*** Dataset section Section Begins ***
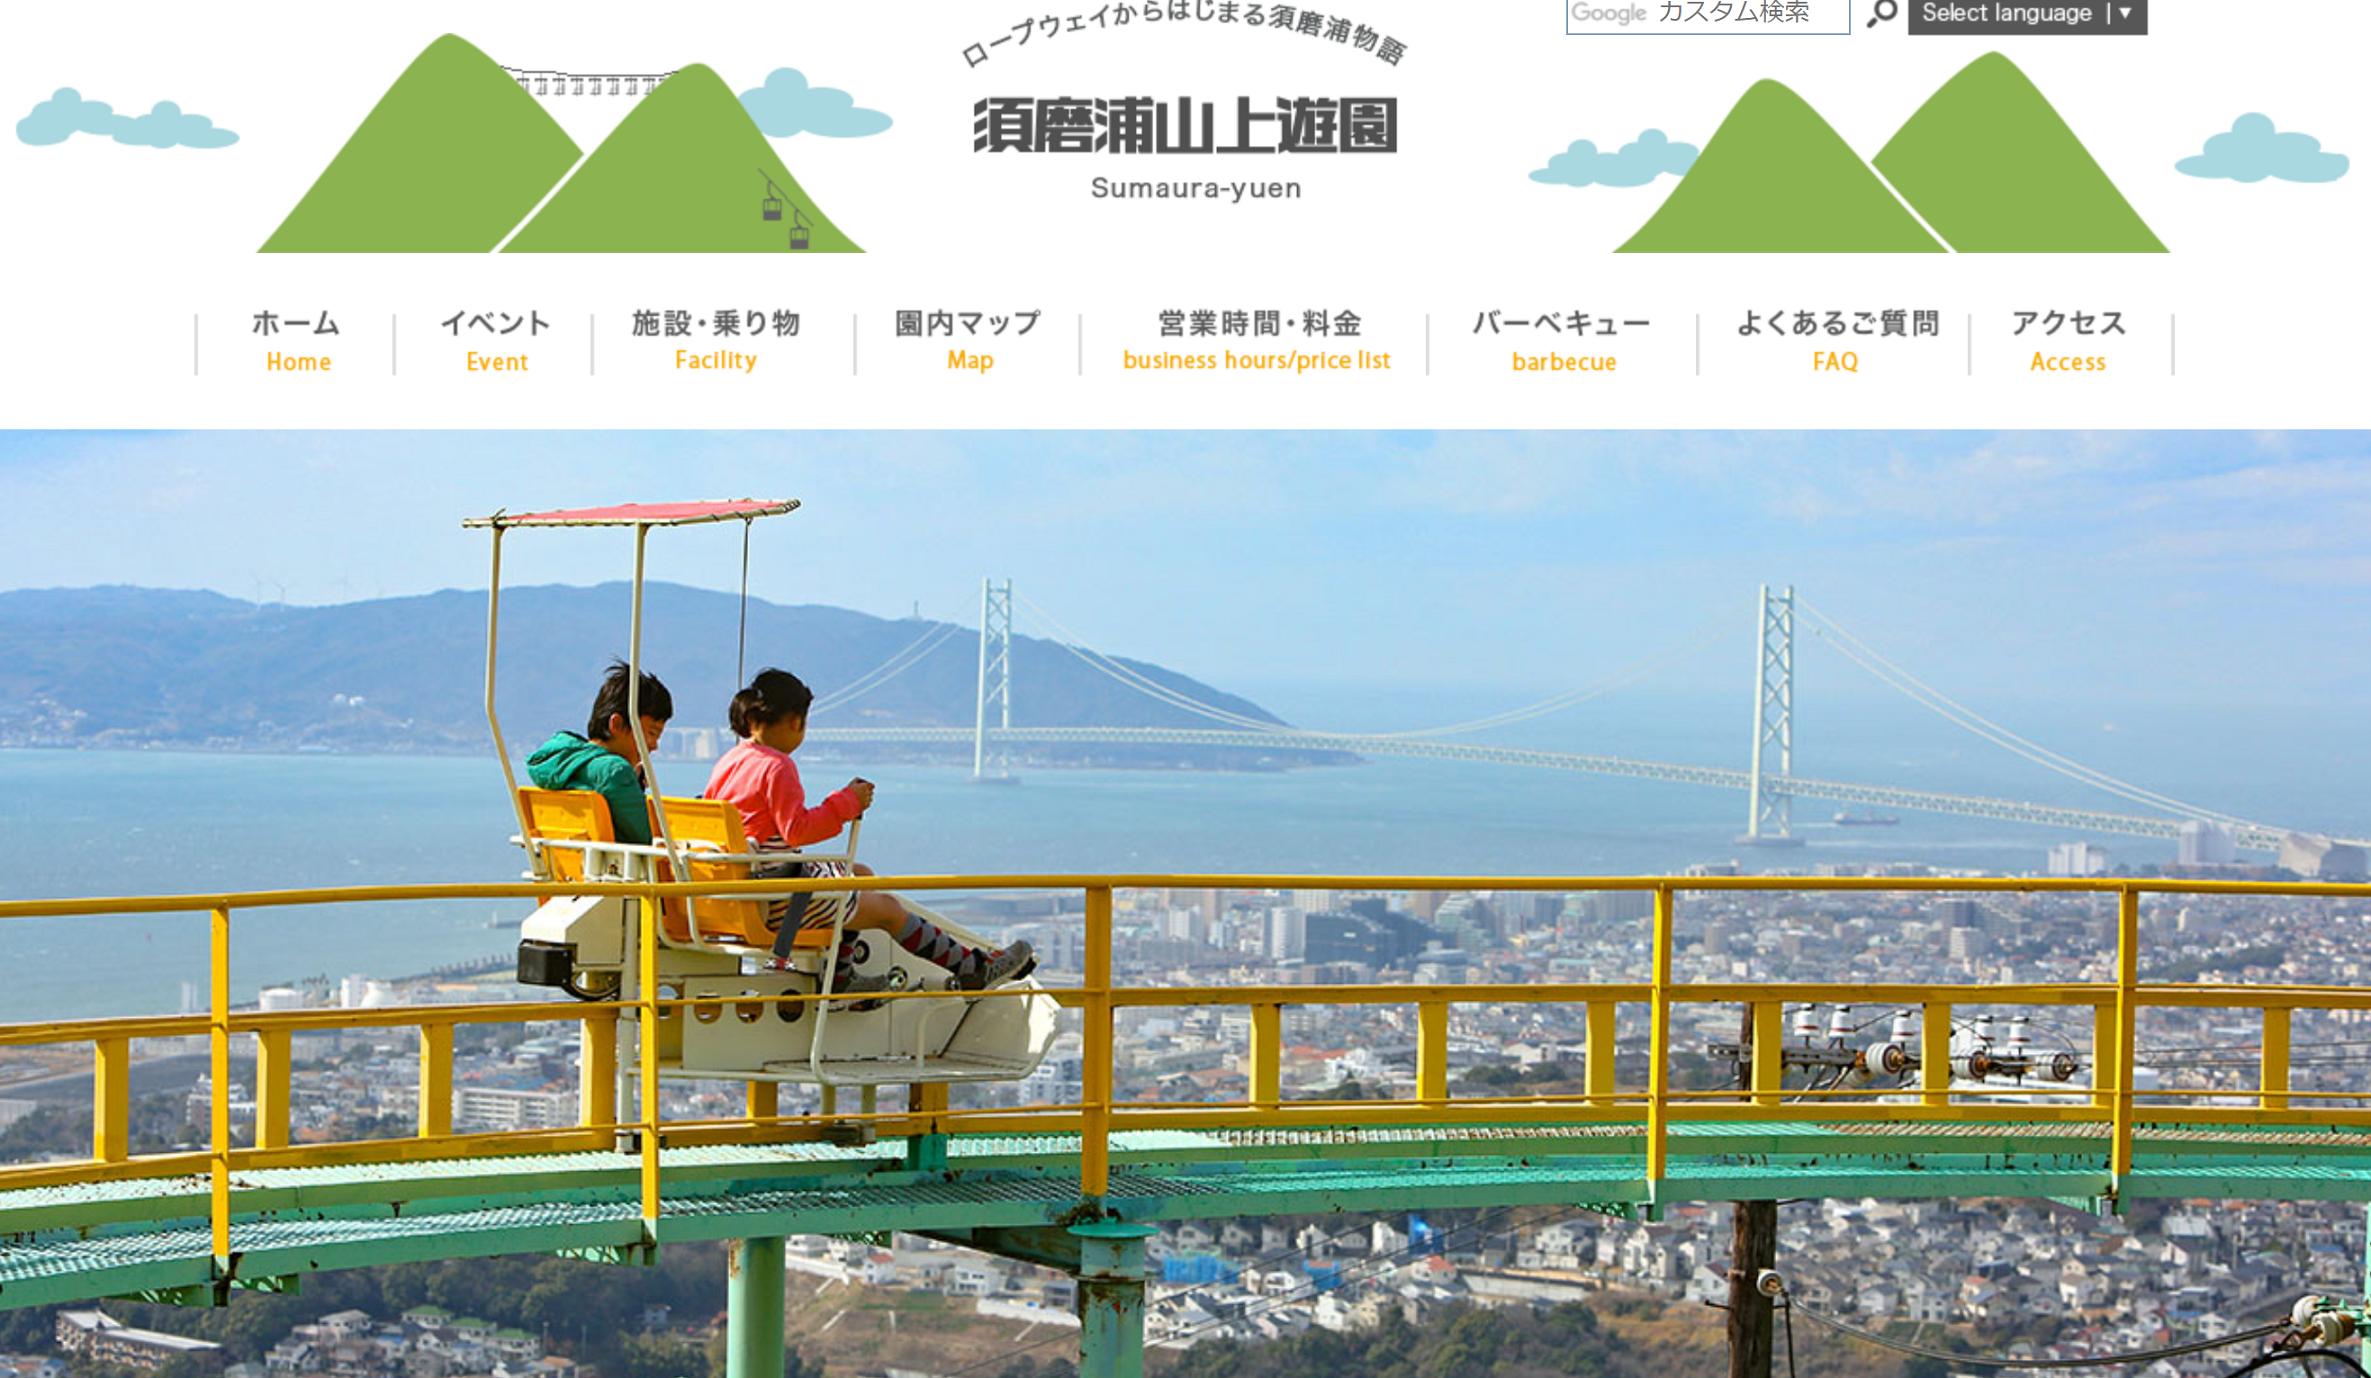 オールチタンコーティング 神戸市須磨区 須磨浦山上遊園 様
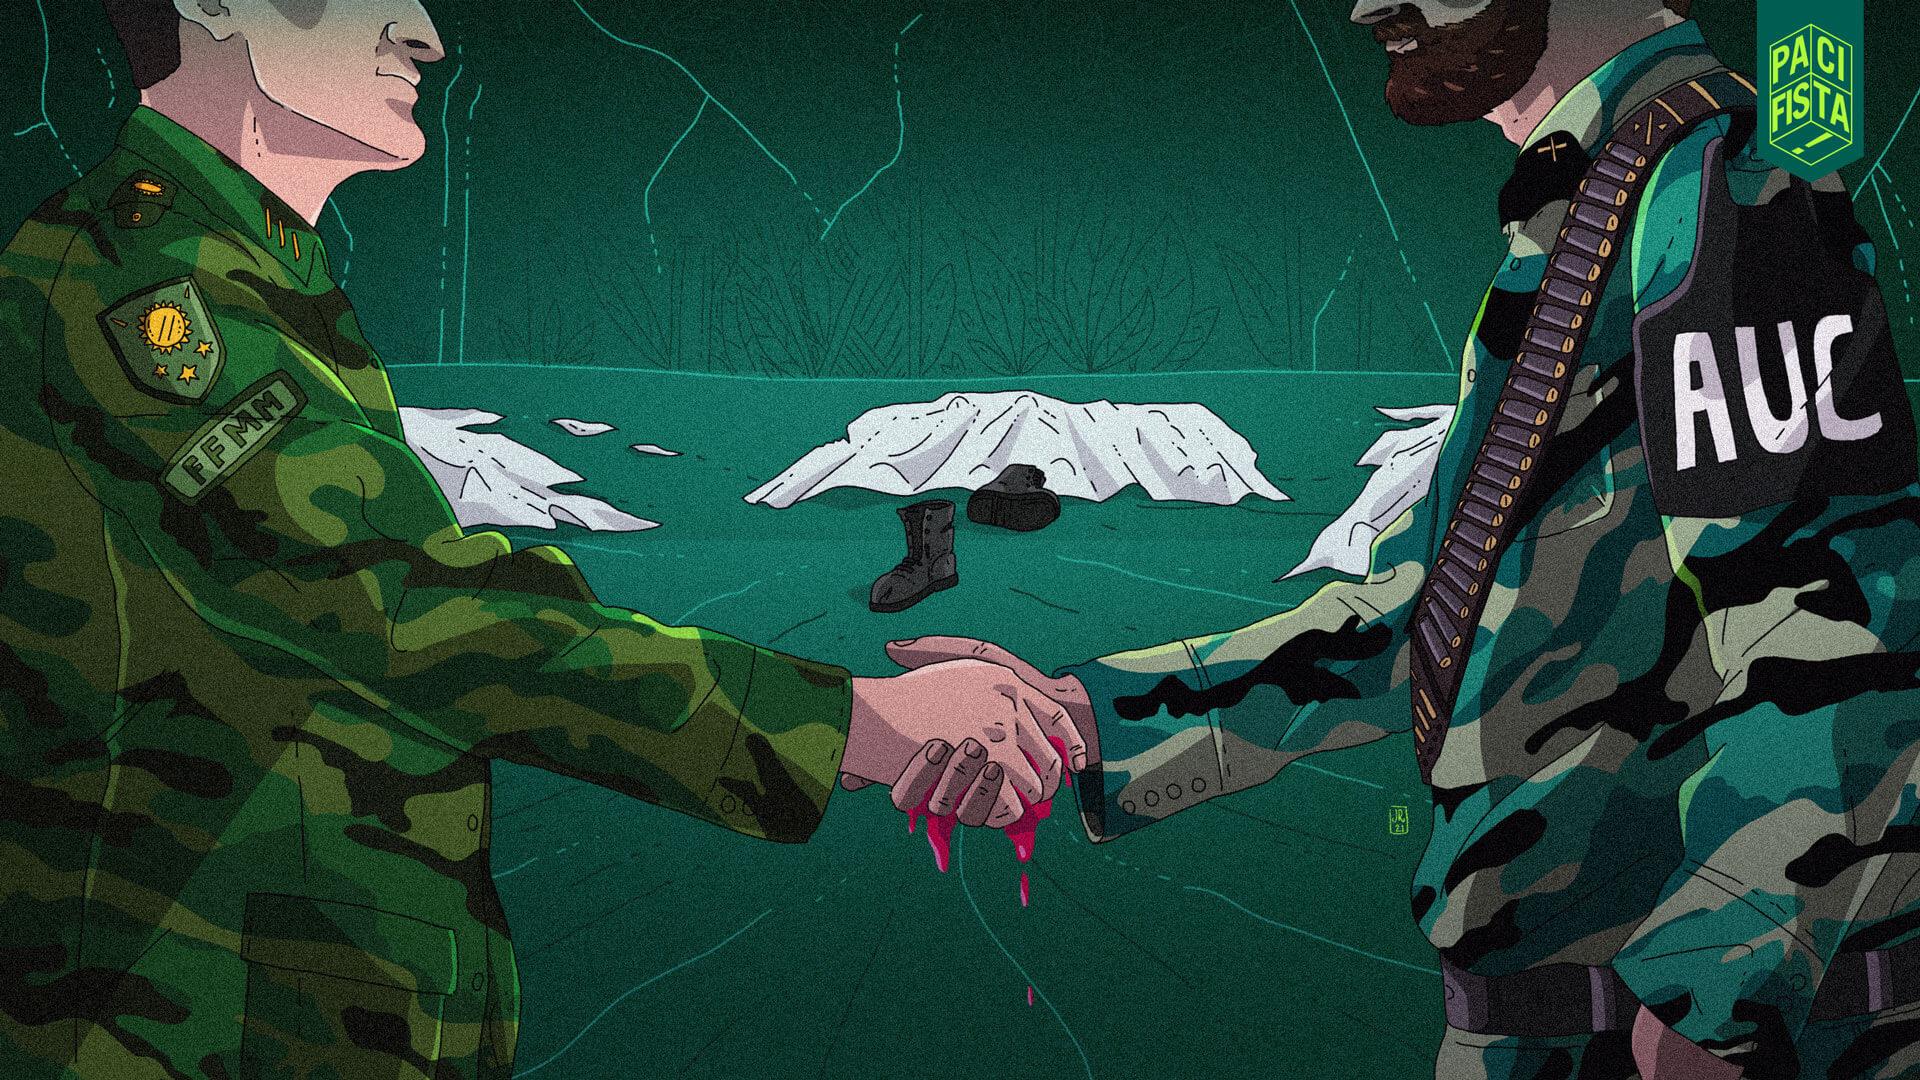 El matrimonio entre el Ejército y los paramilitares para perpetrar 'falsos positivos' en el Caribe
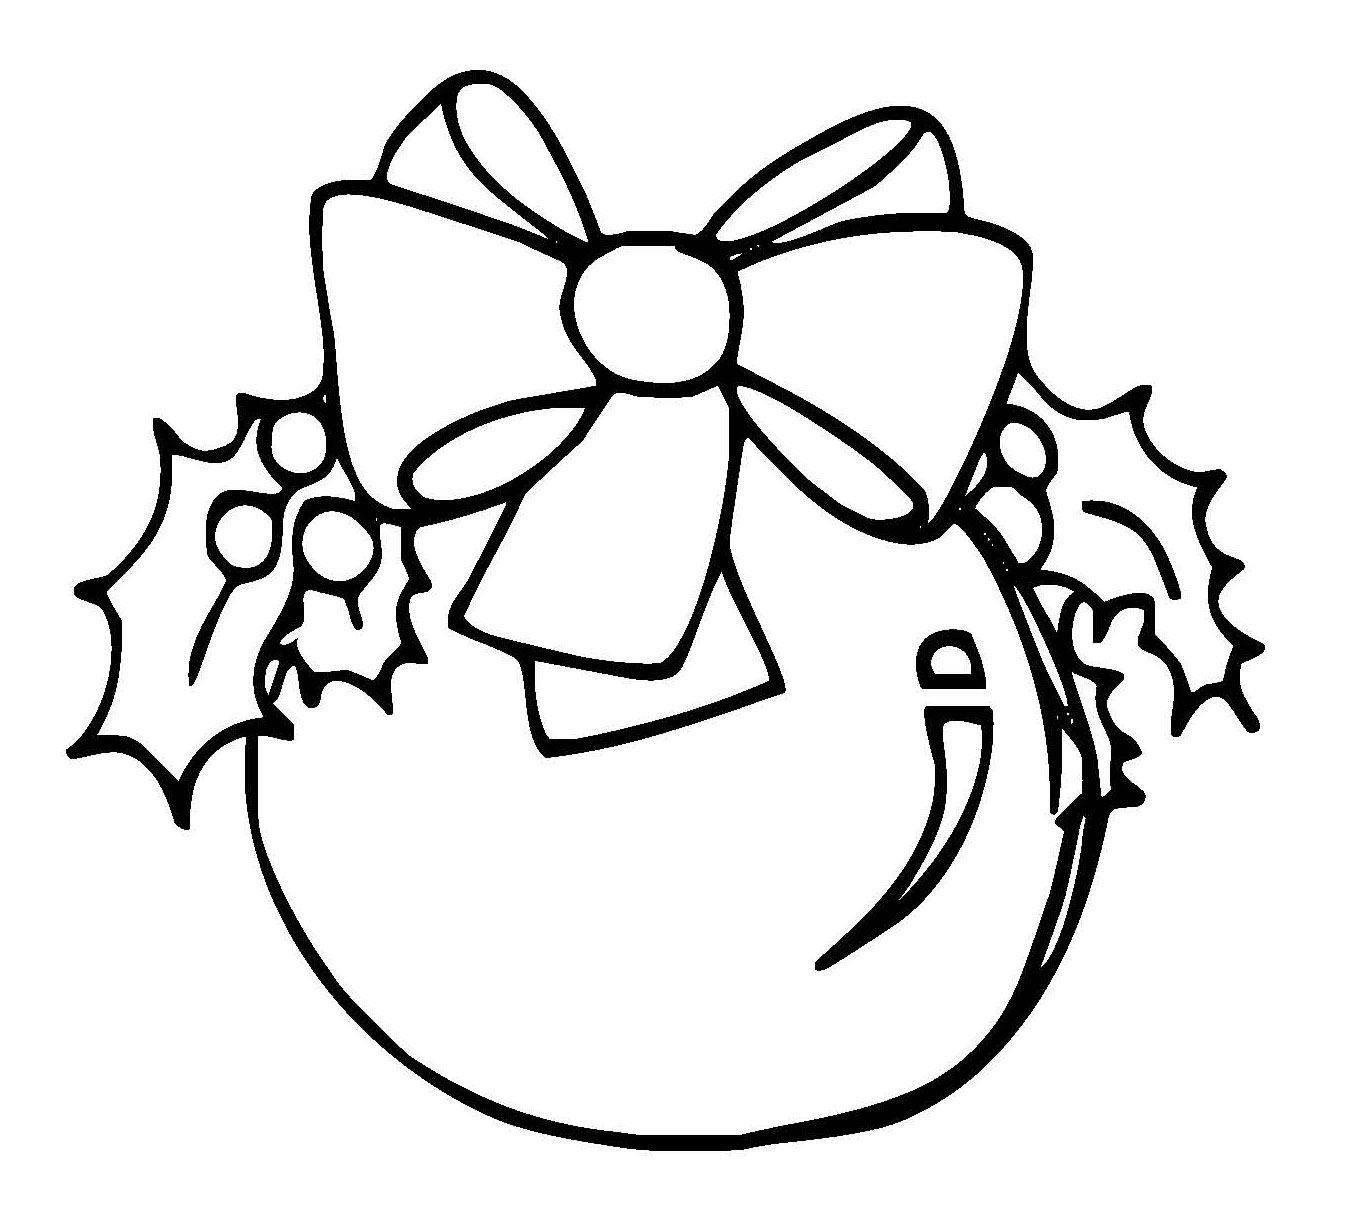 Kostenlose Malvorlage Weihnachten Große Christbaumkugel
*** Dataset section Section Ends ***
**What needs to be done:**
Copy verbatim the span that begins at the line containing "El matrimonio entre" and ends at the last line of the material, inclusive of both; exclude pictures.

**Exercise result:**
 El matrimonio entre el Ejército y los paramilitares para perpetrar 'falsos positivos' en el Caribe
 Kostenlose Malvorlage Weihnachten Große Christbaumkugel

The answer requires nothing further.